Task requirements: Below is a listing from which only part is wanted; return exactly the lines from the one with "Amazing looking piece!" up to and including the one with "Total Natural Round Cut Tanzanites".

Provided information:
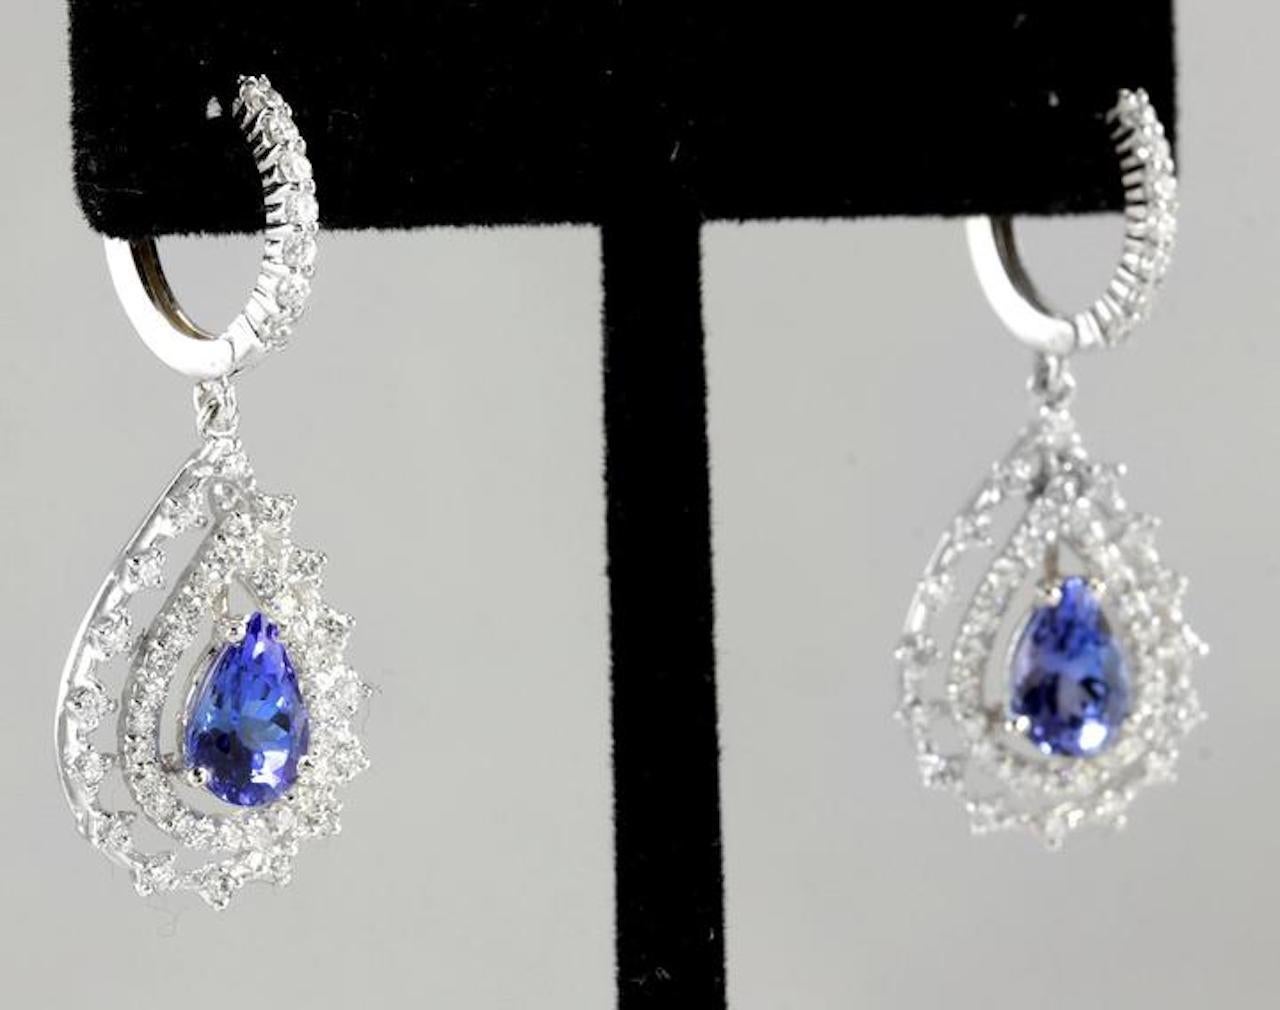 Exquisite 6.00 Carats Natural Tanzanite and Diamond 14K Solid White Gold Stud Earrings

Amazing looking piece!

Total Natural Round Cut White Diamonds Weight: 2.50Carats (color F-G / Clarity VS2-SI1)

Total Natural Round Cut Tanzanites Weight: 3.50
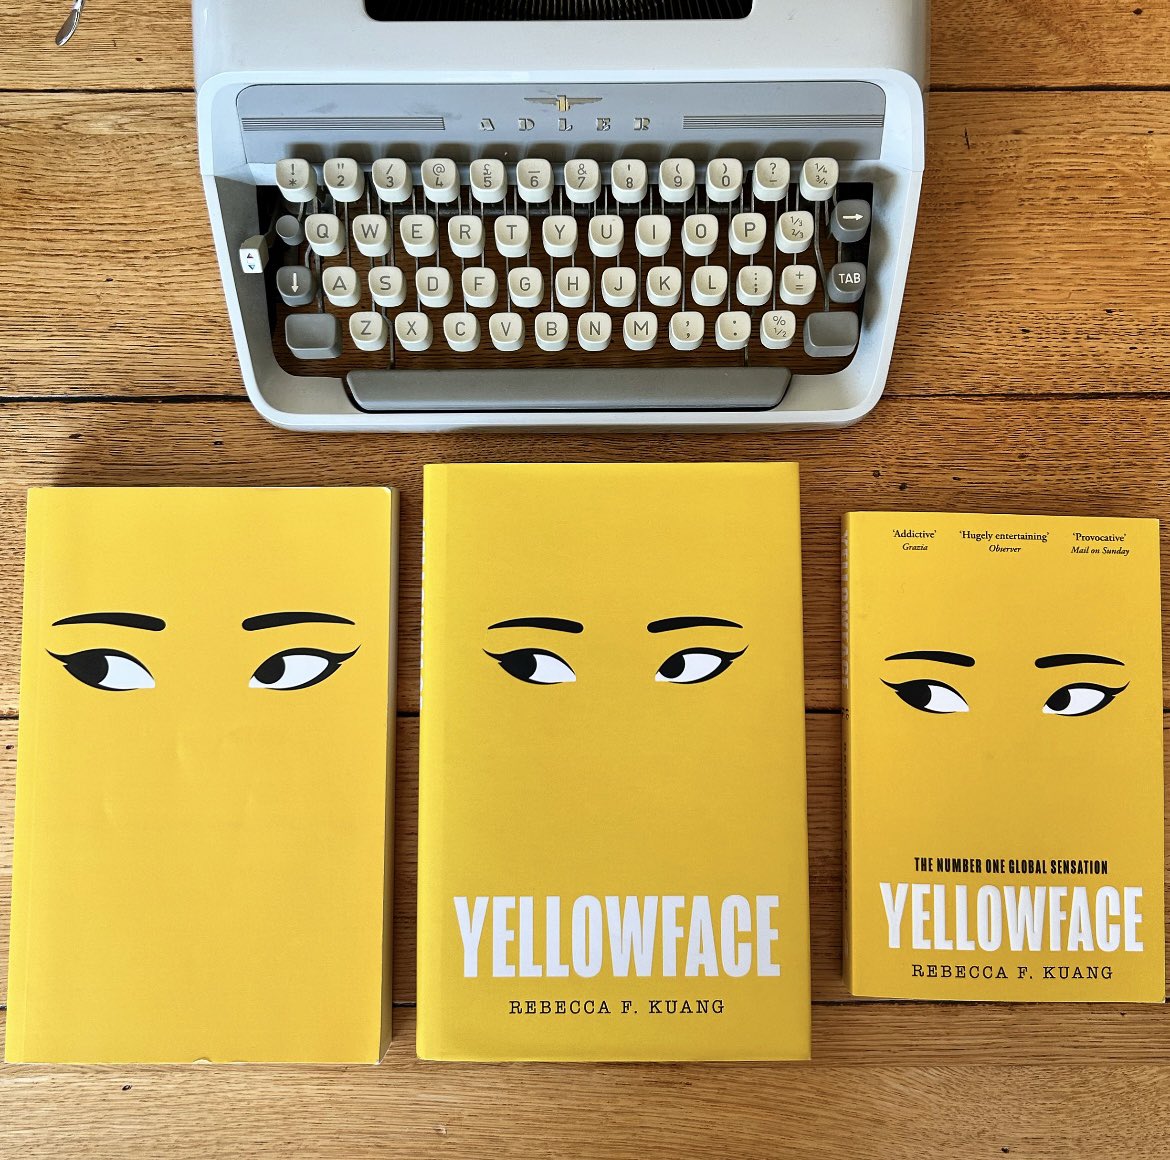 From proof, to hardback, to our glorious new paperback! 💛 Who is delving into #Yellowface this weekend? The perfect paperback to devour in the sunshine 👀 Out now: smarturl.it/YellowfacePB

Result below:
Amazing looking piece!

Total Natural Round Cut White Diamonds Weight: 2.50Carats (color F-G / Clarity VS2-SI1)

Total Natural Round Cut Tanzanites Weight: 3.50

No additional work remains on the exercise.